Dinner was pheasant (caught by Karen) with zucchini (grown by Chell), baked over a small campfire. Chell hoped they found some more abandoned gardens on their way, or their diet was going to get a bit carnivorous.

"But what if Minneapolis is a smoking hole in the ground?" asked Karen, as she happily chewed on a wing. Now that she'd finally spat out what she wanted to do instead of looking for human survivors she wouldn't shut up about it. "And I don't mean metaphorically, goodness knows it was always that. In the hypothetical event that Minneapolis has been destroyed, that would make this whole trip a complete waste of time. Time that could have been spent blowing up GlaDOS!"

"Well what if Aperture is a smoking hole in the ground"? said Chell. "Wheatley can't have been the only AI unhappy with GlaDOS's dictatorship, maybe there's been a violent coup."

"Ha," said Karen. "As if any of those pocket calculators could ever outsmart me...I mean her. That moron only managed because he had you helping him."

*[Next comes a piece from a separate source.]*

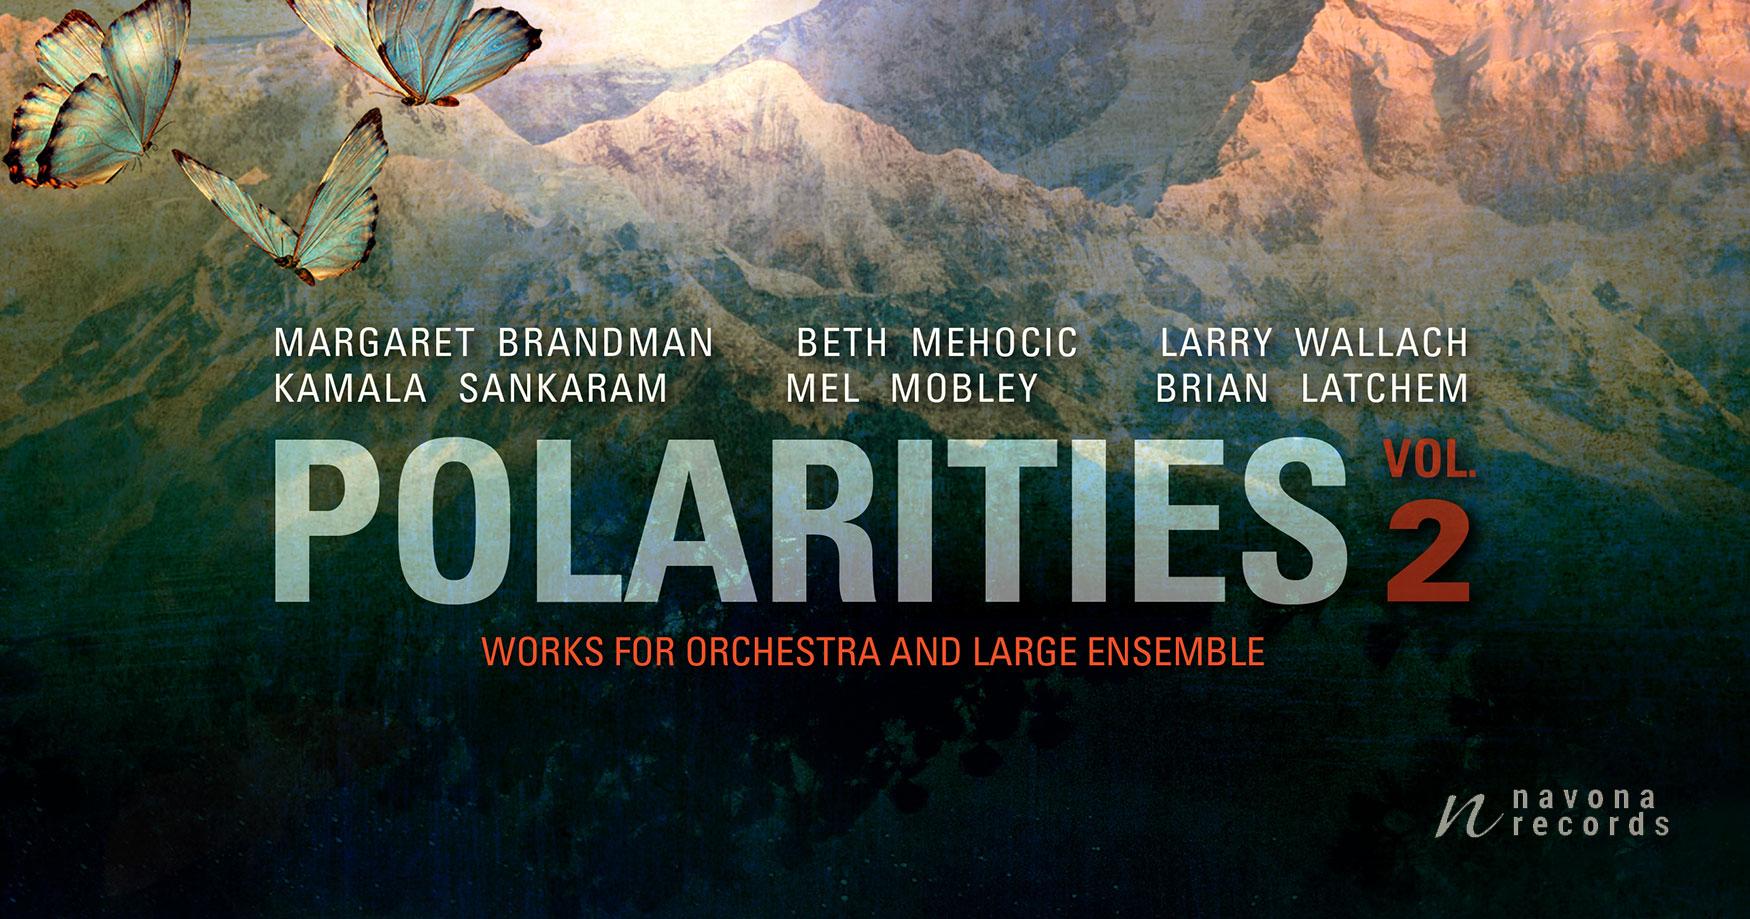 Polarities Vol. 2

"I wish you'd stop calling him that," said Chell. "You can't go round judging people by their intelligence."

"Why not?" said Karen. Judging people by their intelligence was practically her entire moral code.

"Just...don't," said Chell. "What ever happened to Wheatley anyway?"

"Still in space I imagine," said Karen dreamily. "Floating around, being a...very annoying person. With bad judgement. Who tried to kill us."

"Poor guy," said Chell.

"You are far too forgiving," said Karen.

"Tell me about it," said Chell.


It was dark in the tent, dark and warm. Chell could hear Karen rustling about in her sleeping bag, and beyond that there was the rustling of the trees and other sounds of the forest at night. She closed her eyes and imagined what the campsite would have sounded like 25 years ago, with camper vans full of happily families and the sound of cars passing by on the nearby road.

Or maybe it would have sounded exactly the same. It's not like this area got that many tourists, Aperture had preferred to keep their little portion of the landscape to themselves.

"Are you awake?" said Karen.

"No," said Chell.

"I'm sorry...you don't have to come with me to Aperture," she said. "I can see why you don't want to. Maybe...maybe I can go later by myself."

This was a pretty surprising statement. Karen had trouble going to the bathroom by herself, she was so attached to keeping close to Chell. "Why is this so important to you?" said Chell. "You suffered in that place nearly as much as I did. More, in some ways."

"I...I don't know," said Karen. "Sometimes I wonder..."

She stopped and Chell waited.

"Sometimes I wonder if GlaDOS made me this way on purpose. That...that she told herself it was for testing, because that's all her programming allows her to do, but that really she was hoping I'd escape, and that I'd...I'd come back and kill her. She didn't have to make me this smart, she had to know one of us was going to escape eventually. And I...I really want her dead. Even more than I wanted to kill you!"

But she's you thought Chell. GlaDOS certainly hadn't seemed to hate herself the last time Chell saw her, quite the reverse. But GlaDOS was a mess of contradictions, and so was Karen.

Chell sighed. "Well, maybe later I'll come with you," she said. "Once I've had a proper chance to search for other survivors. No guarantees though." For a start she got the feeling the other AIs had developed their own happy little society separate to GlaDOS in the bowels of the facility, and wasn't sure they deserved to be blown up just for being part of the same system. But that was an ethical question for another day.

Karen sniffed. "You would do that for me?"

"Hey, are you crying?" said Chell.

"No," said Karen, in a wobbly voice.

"Ah, come here." Chell rolled over and tried to give Karen a hug, though it was hard with both of them wrapped up in sleeping bags.

"Thanks," said Karen. Eventually they both fell asleep, still tangled together.